Eine Kostbarkeit der Historie: Der Brief von General Grey Wolf an seine Geliebte.

In einem amerikanensischen Volksmuseum, das viele Schätze aus vergangenen Jahren, unliebsame Erinnerungen und interessante Absonderlichkeiten zu bieten hat, findet sich eine auf natürlichem Wege mumifizierte Leiche, in deren Nähe eine röhrenförmige Schatulle aus Hartholz gefunden wurde. Man ordnete sie ihr zu, nur wusste man nicht genau, ob sie absichtlich dort drapiert oder durch den Moment des gewaltsamen Todes ins aufgerissene Erdreich und mit ihm in einen jahrhundertelangen Schlaf fiel.

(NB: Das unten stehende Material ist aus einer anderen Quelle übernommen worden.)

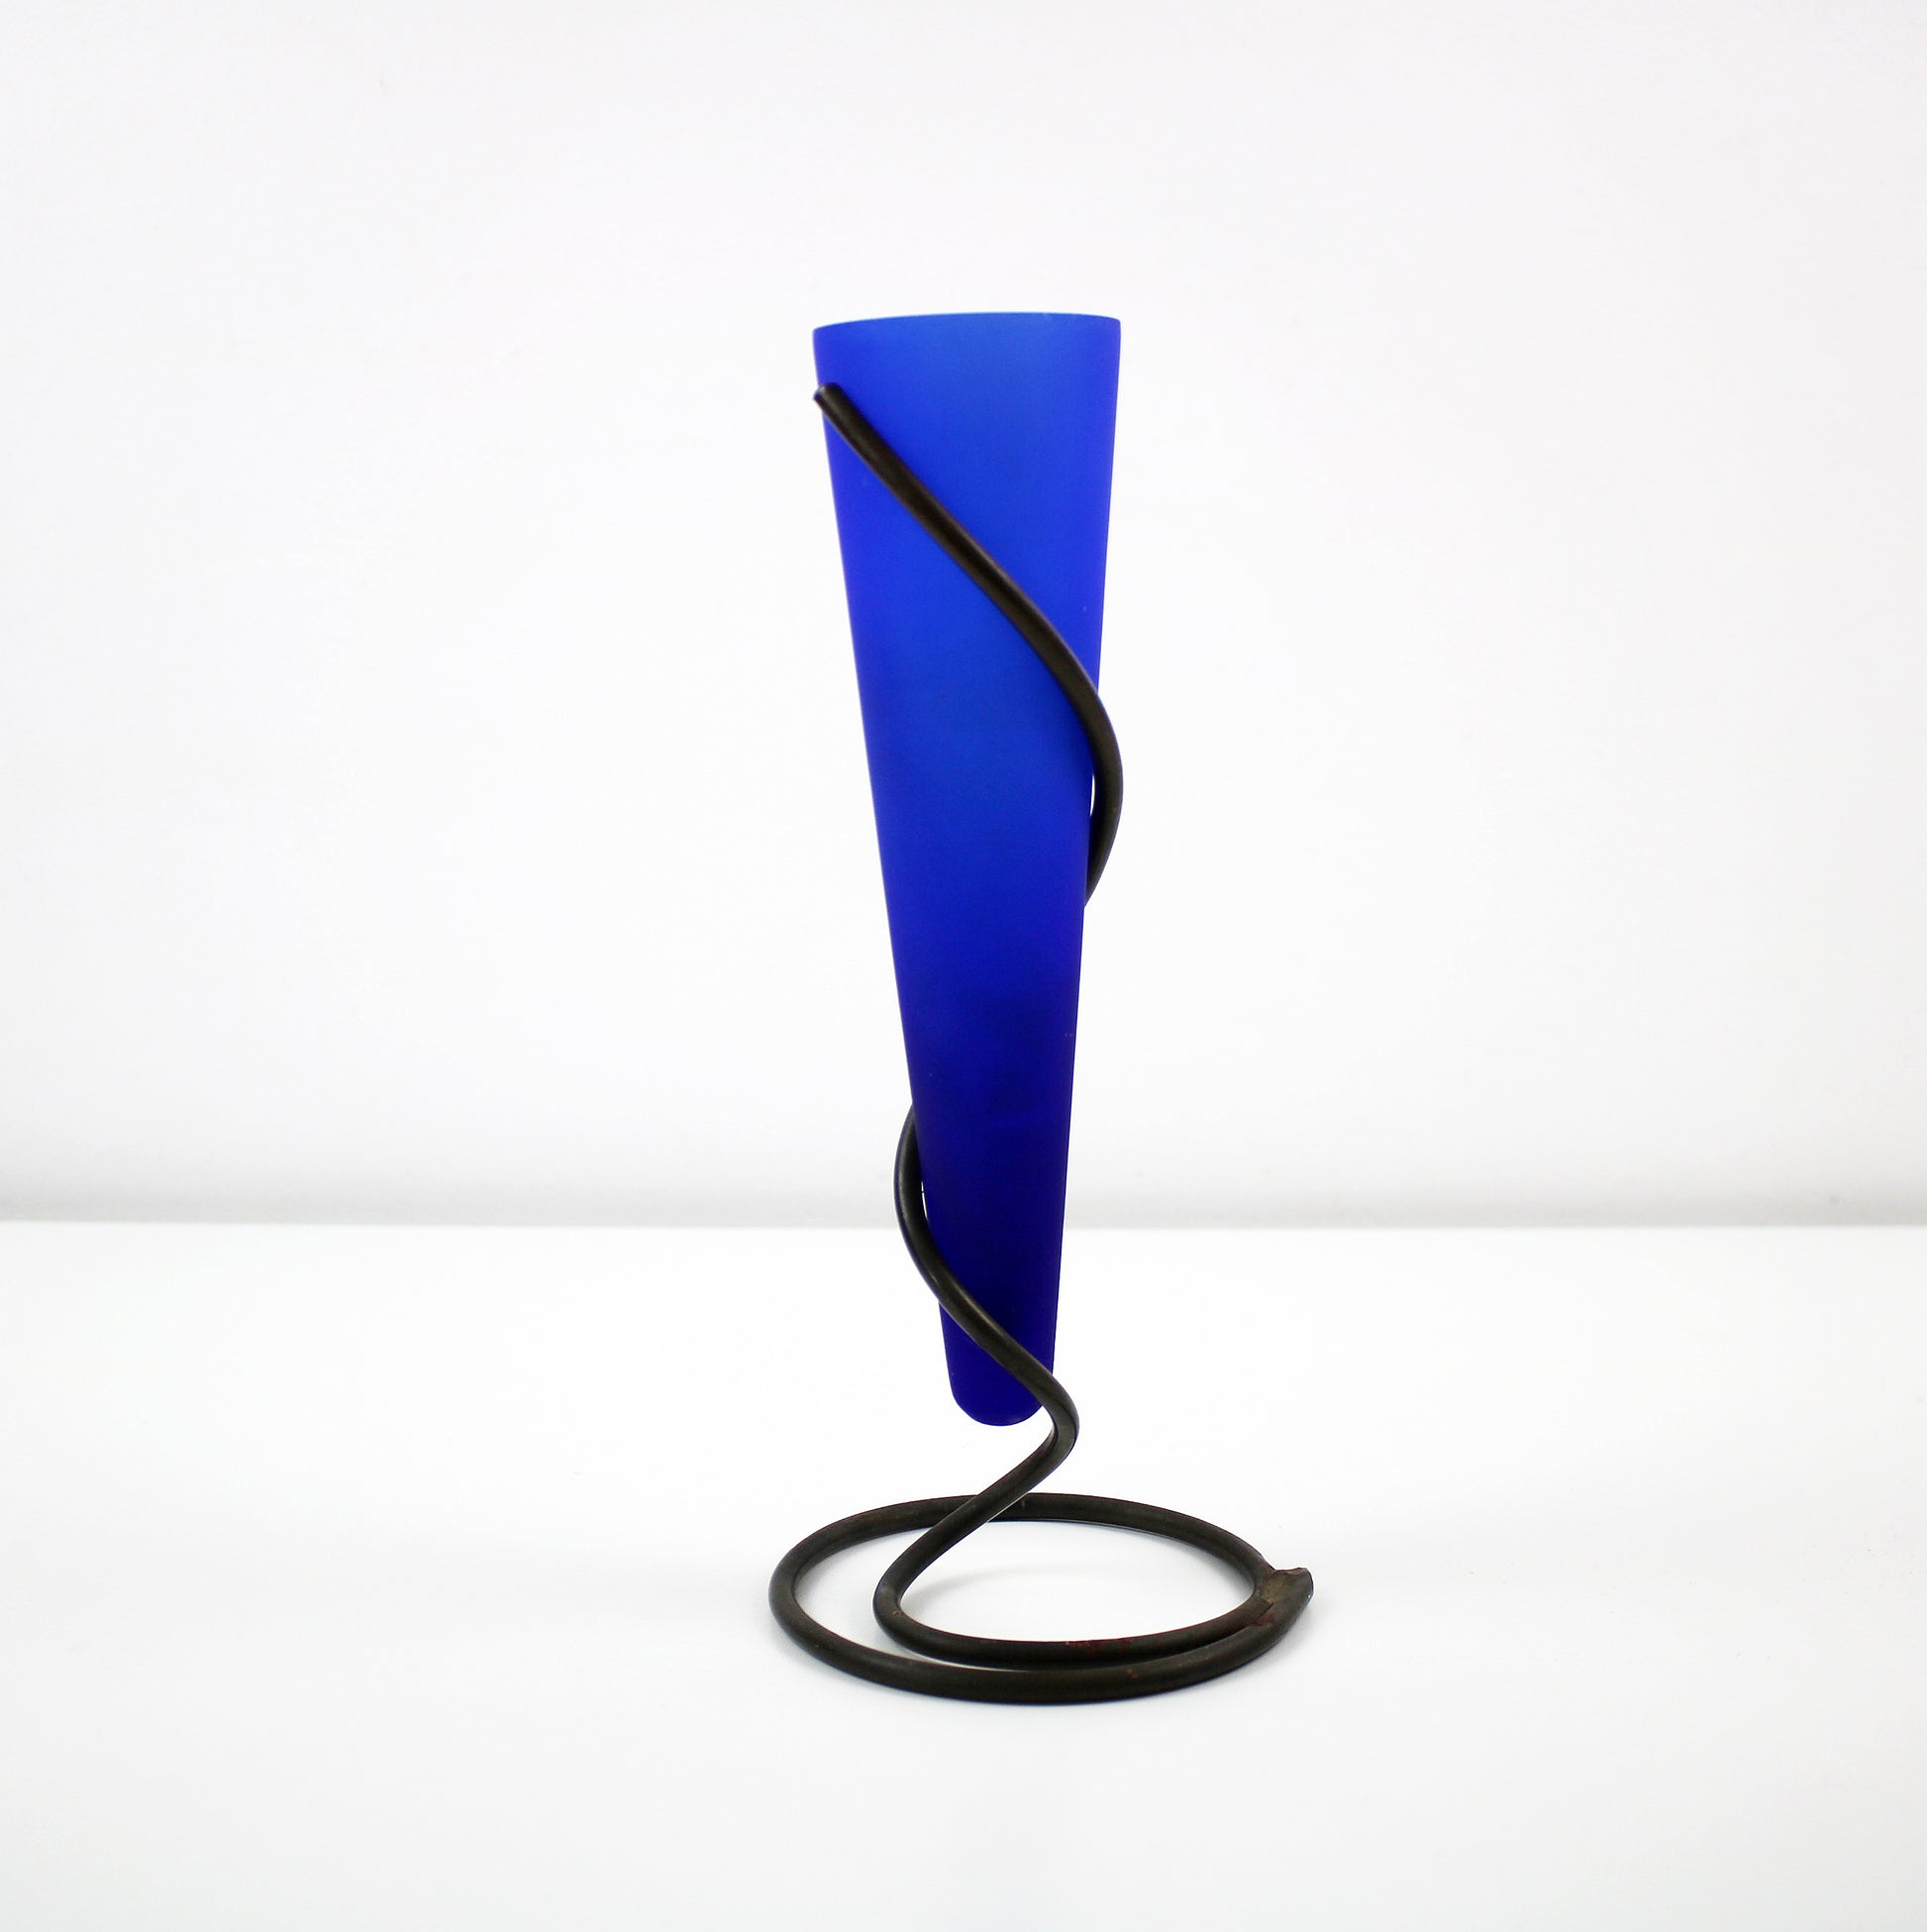 1980s deep blue glass cone vase in metal spiral holder

Aus Ehrfurcht hatte man ihm sein an einer fein gegliederten Kette befindliches Mandala, das einen Fisch darstellt, aus dem sich in den weiteren Kreisabschnitten nach außen hin ein Vogel entwickelt, nicht abgenommen, denn, so stellte sich bald heraus, man hatte es hier mit dem wohl innigsten Freund des legendären General Grey Wolfs zu tun, der in den geschichtlichen Aufzeichnungen die seltsame Doppelrolle von glorreichem Präsident und tragischer Gestalt zu spielen schien: Tecumseh Blue Cloud .

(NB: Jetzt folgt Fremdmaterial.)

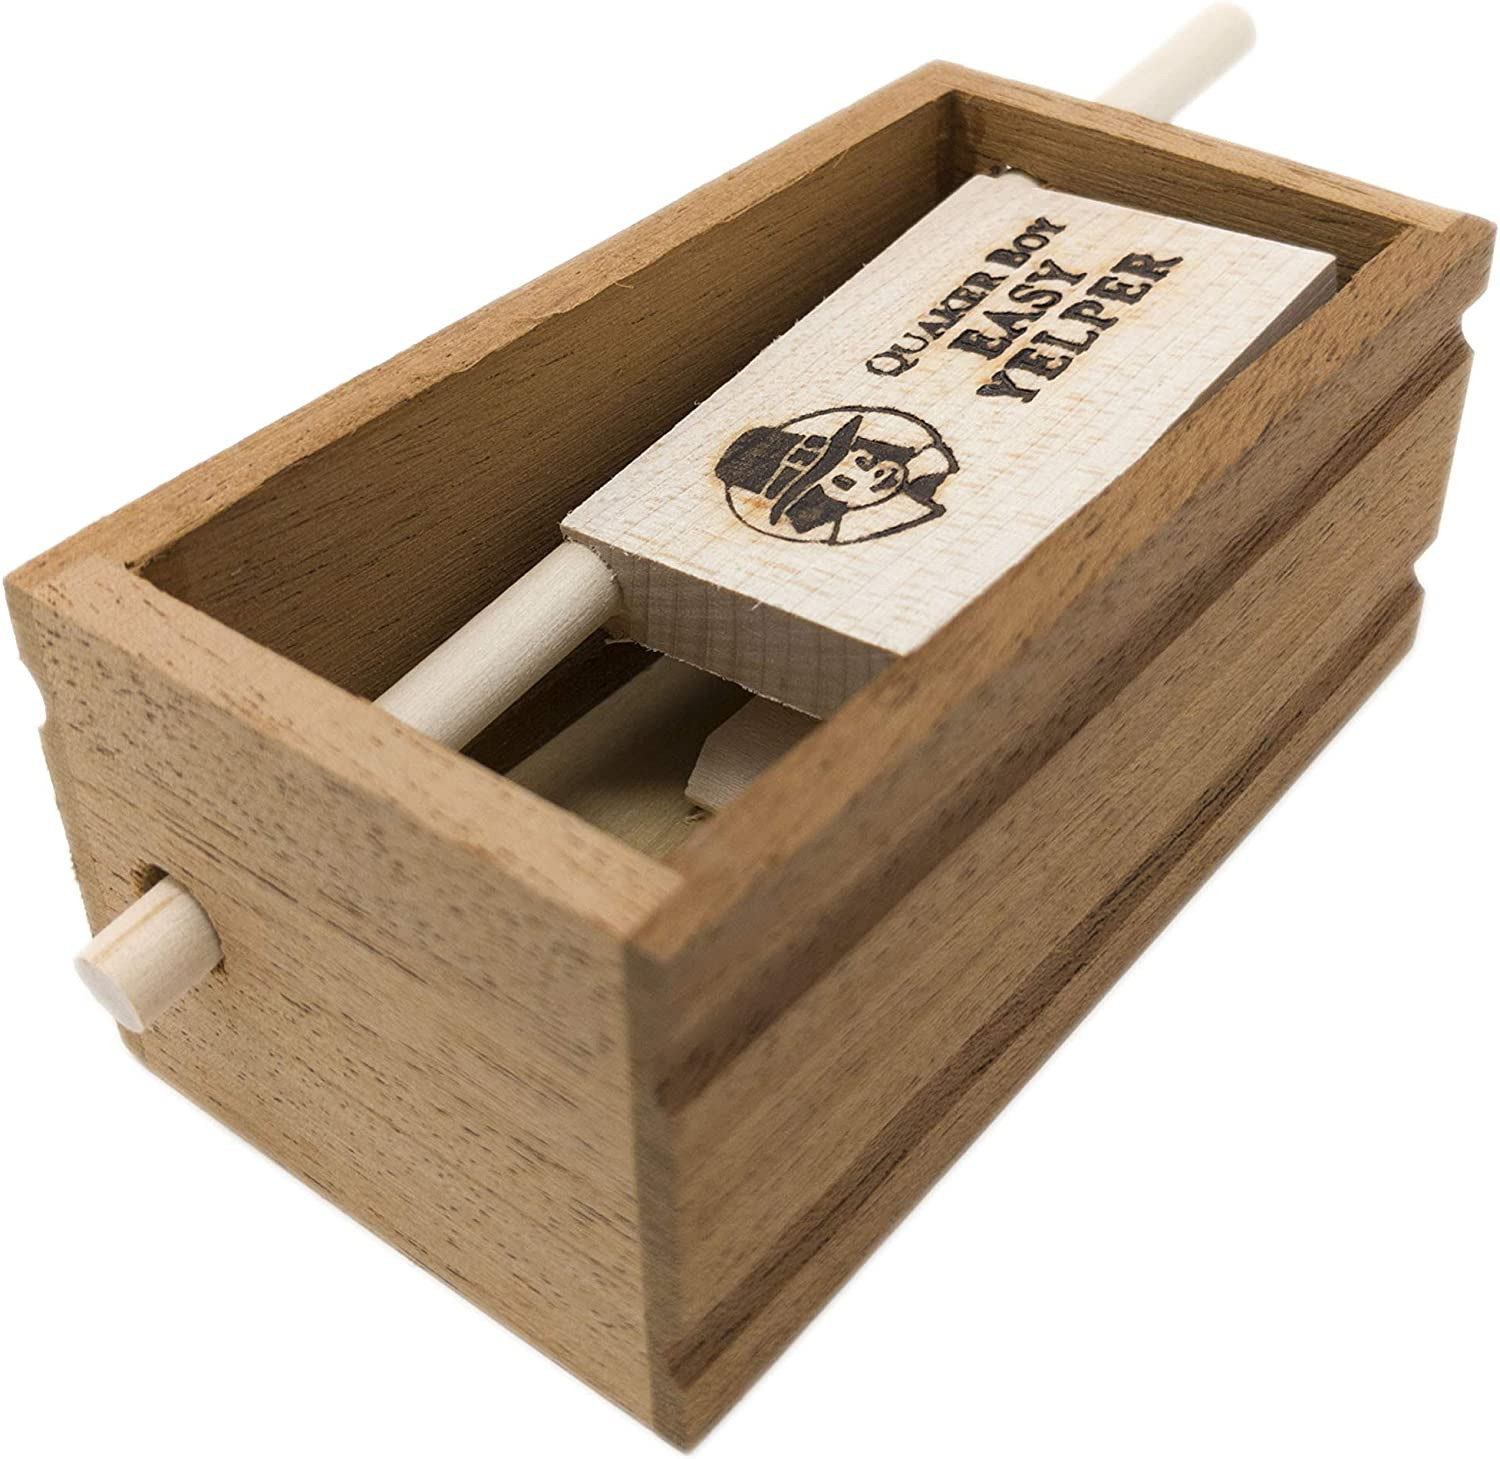 Quaker Boy - Easy Yelper Turkey Box Call, Wood

Nun war das amerikanensische Volk geschichtsbewusst und auch die Nachkommen indianischer Völker, die grundsätzlich respektiert wurden, hatten ein Einsehen, zwar nicht die Leiche an sich, aber die Kleidung und diese merkwürdige Schatulle endlich untersuchen zu lassen. Nachdem man sie vorsichtig geöffnet hatte und unendlich fein erscheinender Staub sich mit dem Winden aus dem Deckel löste, schlug dem untersuchenden W. Erhart ein merkwürdiger papierner Geruch entgegen. Es täuschte nicht. Mit einer Pinzette und heissem, unregelmäßgem Atem hielt er ein Stück altertümlichen Papiers, hastig zusammengefaltet und bräunlich geädert an den Ecken und legte es vorsichtig auf den Tisch in seinem Labor.

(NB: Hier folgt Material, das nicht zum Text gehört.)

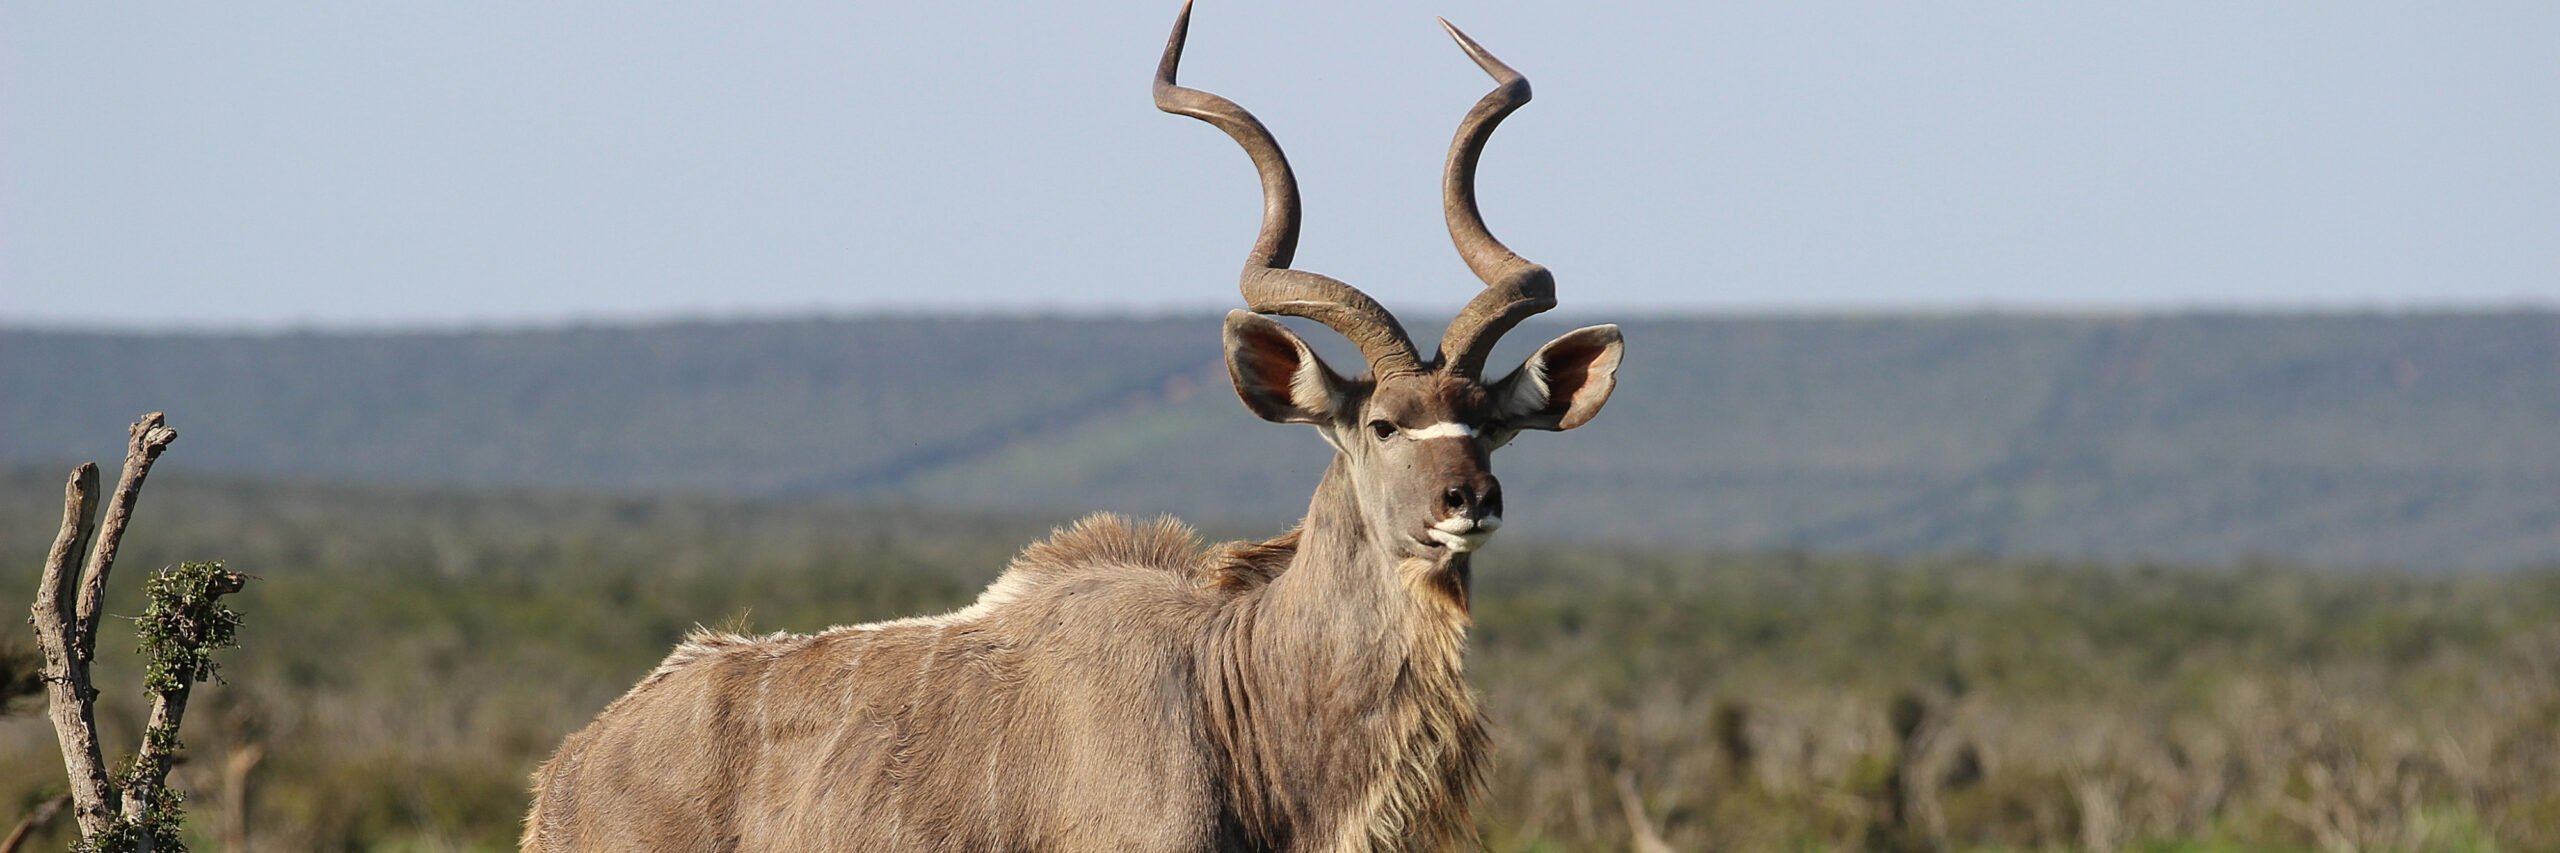 eastern-cape-greater-kudu

Sollte endlich Klarheit in die Umstände der Beziehung zwischen Tecumseh Blue Cloud und Grey Wolf kommen? Sollte die seltsame Diametralität und Ambivalenz des Verhältnisses zwischen Herrscher Blue Cloud und General Grey Wolf und des damit verbundenen, fast liebevollen Kommandogehorsams, der Hörigkeit Blue Clouds gegenüber Grey Wolf durch neue Erkenntnisse verständlicher werden?

Sollten sich etwa Dinge klären lassen, die mit dem russisch-amerikanensischen Krieg zu tun haben - oder war es nur allzu Privates von nur intimer Eindringlichkeit?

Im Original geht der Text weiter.